In the parodos of Brecht’s 1948 version of Sophocles’ Antigone, the chorus of Theban elders celebrates the victory over Argos and encourages the people to forget the recent war. Such a call for forgetting is clearly manipulated by Creon in order to camouflage the reality: the much praised victory is in fact a lie because the war is not over. The eagerness to forget is opposed to Antigone’s efforts to remember the past: the heroine insists that it is important to remember the disasters of the past in order to avoid their repetition in the future.
Through his reworking of the ancient original, Brecht encourages his audience to remember and reflect upon the recent tragedy of the Second World War and attempts to unveil the mechanisms behind the acquisition and dismantling of power; at the same time, he suggests there is also another, false way of remembering the past by imposing a distorted reading upon literary texts, as Hitler did with German poets such as Schiller and Hölderlin: Hölderlin’s Antigone (1804) was frequently performed towards the end of the war in support of Hitler’s nationalistic propaganda.
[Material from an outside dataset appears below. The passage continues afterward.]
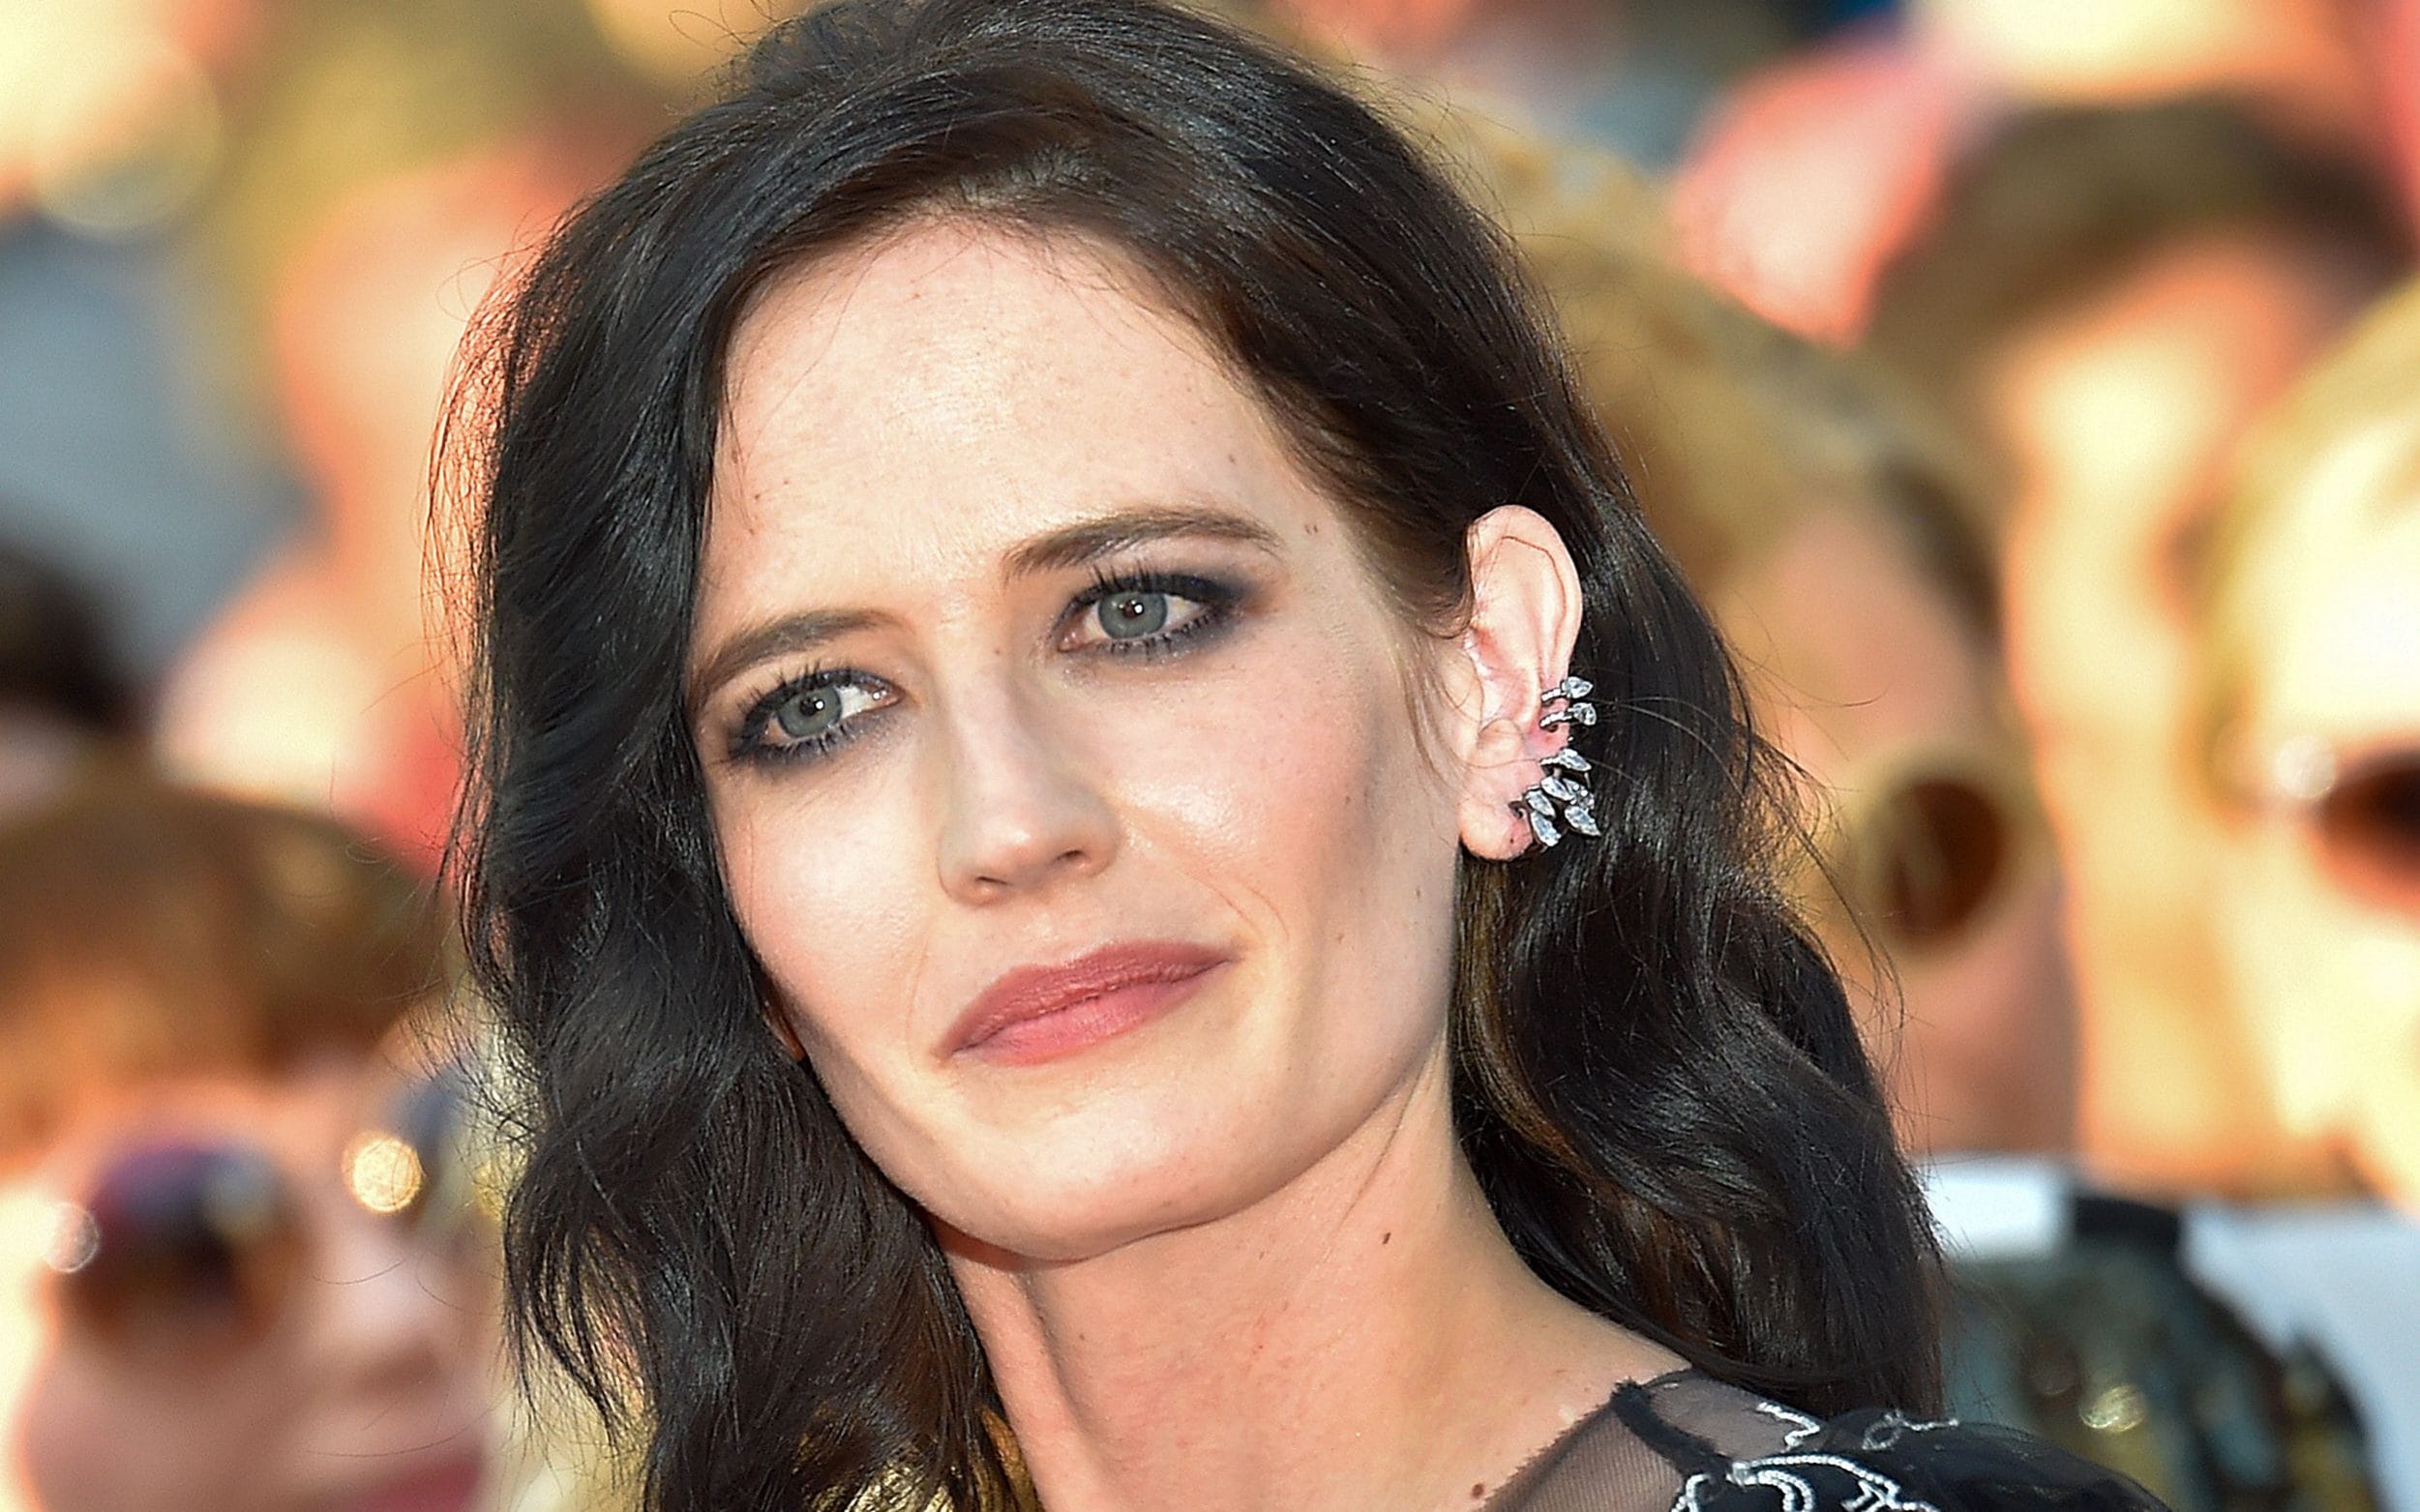 Eva Green Wiki, Bio, Age, Net Worth, and Other Facts

In this paper, I will uncover issues of memory, propaganda and politicisation behind different interpretations of the play: I will show the malleability of the Antigone myth which, far from being fixed, has been readapted and “remembered” in different ways to communicate different ideologies. Significantly, Sophocles’ Antigone has been adapted and performed on the stage innumerable times in the twentieth century: the reception history of Antigone offers interesting insights into the historical and political developments of this period. The interpretation of the play shifted throughout the twentieth century, influenced by coeval European events. Appropriated both by the Nazi regime and by factions of the Resistance, Antigone was exploited as a political, subversive document or as representative of a nationalistic classical tradition. I will focus on two significant examples which more explicitly situate the Antigone as a political play:
(1) Hölderlin’s translation (1804), one of the very earliest post-Revolutionary witnesses to this political understanding of the play, provides a context for Brecht’s and other twentieth-century versions of the myth, and represents a crucial step towards the current interpretative model in which Antigone is an icon of radical dissent and resistance. Yet it was through the Nazis’ reading that the long-neglected poet gained powerful ideological resonance: he was transformed into an example of spiritual leader and patriotic self-sacrifice, and became a nationalist icon of German Nazism.
(2) Bertolt Brecht’s adaptation (1948) represents the culmination of this process through which Antigone enters the realm of politics. His version represents a landmark moment of the reception history of Antigone and serves to explain why Antigone still matters today. For his own innovative reworking of the Sophoclean myth, Brecht exploited Hölderlin’s text, which responded to his desire to overtly oppose to the classical reading of the play, and to distance himself from the purely classical-humanist and “bourgeois” interest in Greek tragedy.
In this paper, I will offer a historicised reading of Antigone’s conceptualisation as a political play through the analysis of Hölderlin’s translation and its appropriations in this century. This account of the reception of Sophocles’ Antigone in twentieth-century Europe will contribute to shed light on the ideological climate which produced such a high number of adaptations of the ancient play, as well as on the reasons for its pertinence to twentieth-century temporal-political conditions.